On Sun, Apr 20, 2008 at 02:47:17PM +0200, Willy Tarreau wrote:A good argument for keeping the default 8k and letting people who know what they are doing, or think they do, test their system for 4k operation. Embedded systems typically have far better defined loads than servers or desktops, and are less likely to have different behavior change the stack requirements. That doesn't mean they do less, just that the load is usually better characterized....
I certainly can understand that reducing memory footprint is useful, but
if we want wider testing of 4k stacks, considering they may fail in error
path in complex I/O environment, it's not likely during -rc kernels that
we'll detect problems, and if we push them down the throat of users in a
stable release, of course they will thank us very much for crashing their
NFS servers in production during peak hours.
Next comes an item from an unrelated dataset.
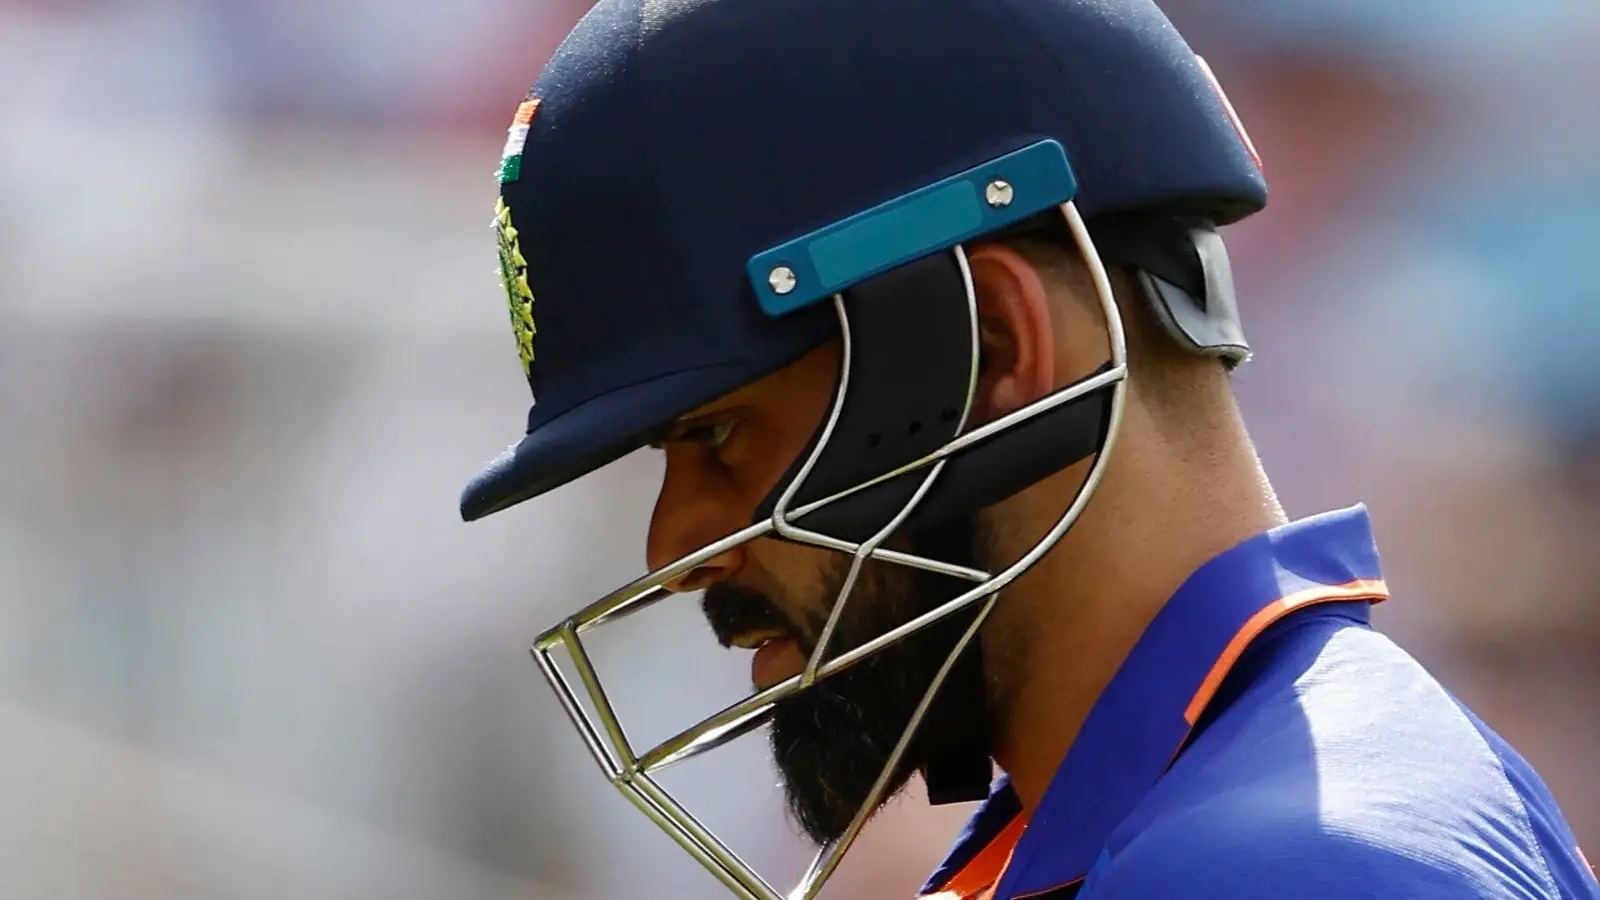  मैनचेस्टर वनडे में इंग्लैंड के खिलाफ 22 गेंदों में 17 रनों के बाद विराट कोहली ने नया निचला स्तर मारा |  क्रिकेट
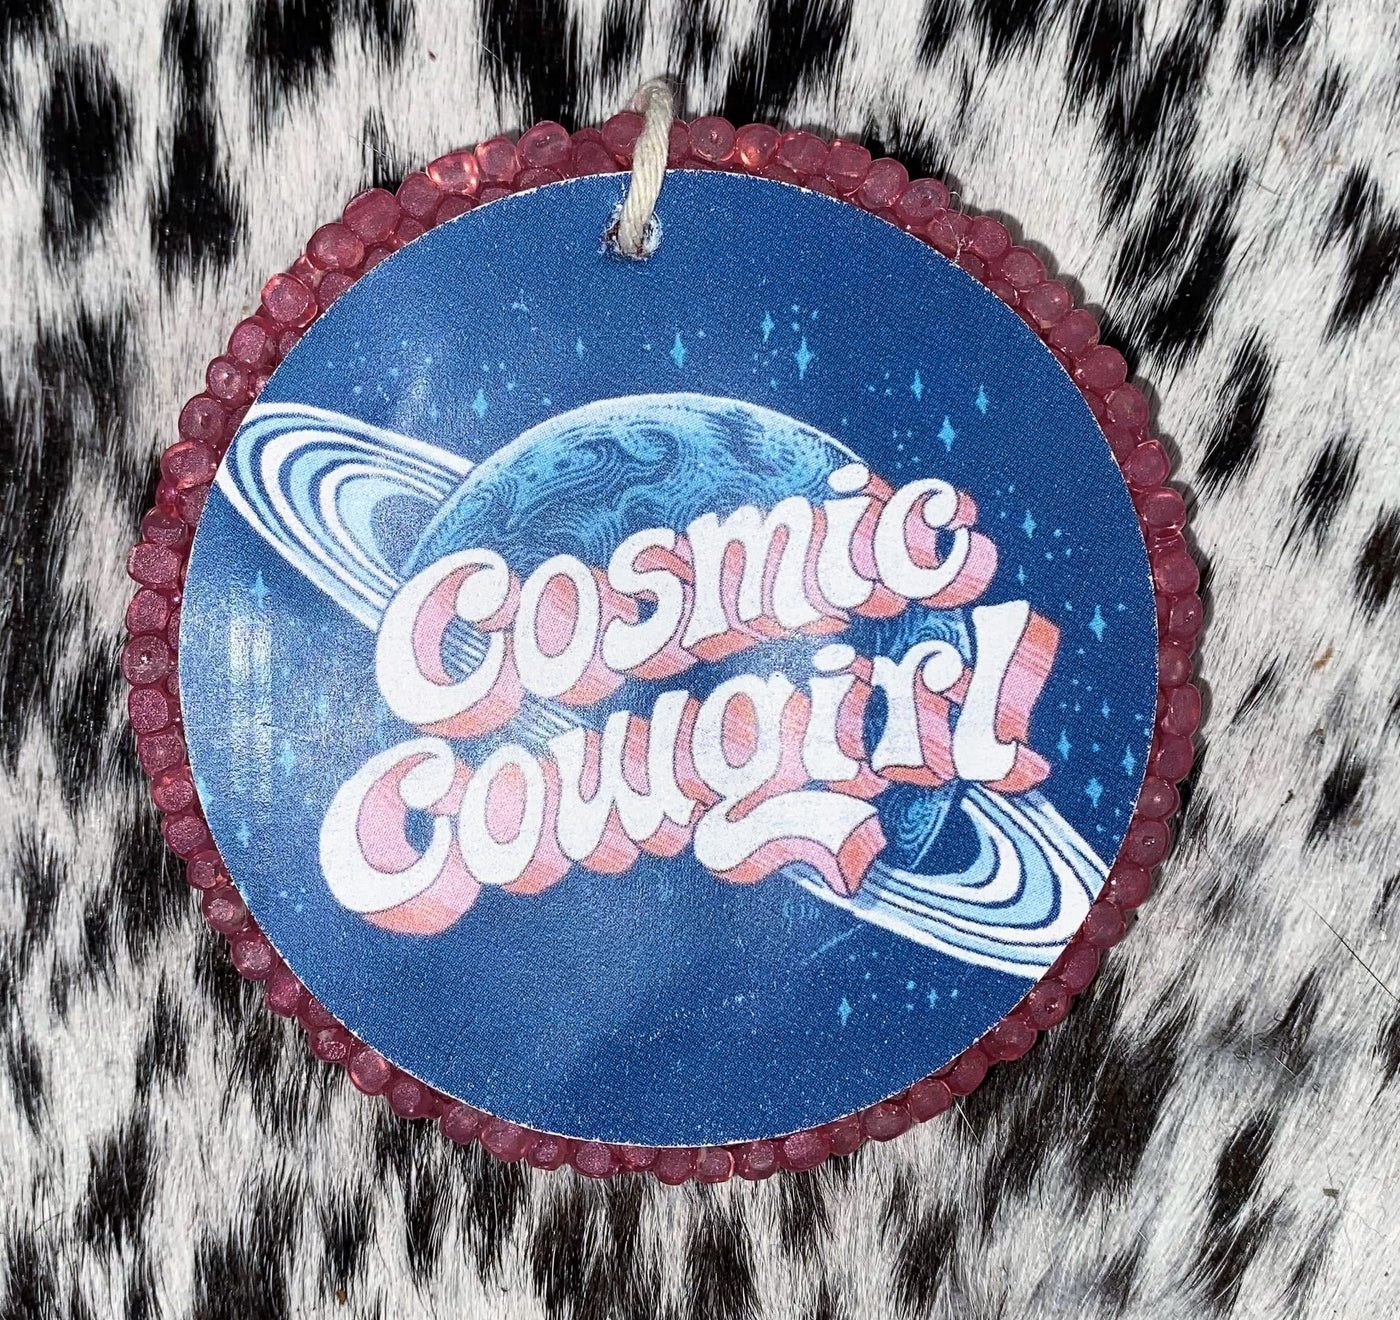 Cosmic Cowgirl Freshie

I've seen many bugs in error paths in the kernel and fixed quite a few of them - and stack problems were not a significant part of them.
There are so many possible bugs (that also occur in practice) that singling out stack usage won't gain much.
I have nothing against changing the default setting to 4k provided that
it is easy to get back to the save setting (ie changing a config option,
or better, a cmdline parameter). I just don't agree with the idea of
forcing users to swim in the sh*t, it only brings bad reputation to
Linux.
...
What actually brings bad reputation is shipping a 4k option that is known to break under some circumstances.
And history has shown that as long as 8k stacks are available on i386 some problems will not get fixed. 4k stacks are available as an option on i386 for more than 4 years, and at about as long we know that there are some setups (AFAIK all that might still be present seem to include XFS) that are known to not work reliably with 4k stacks.
If we go after stability and reputation, we have to make a decision whether we want to get 4k stacks on 32bit architectures with 4k page size unconditionally or not at all. That's the way that gets the maximal number of bugs shaken out [1] for all supported configurations before they would hit a stable kernel.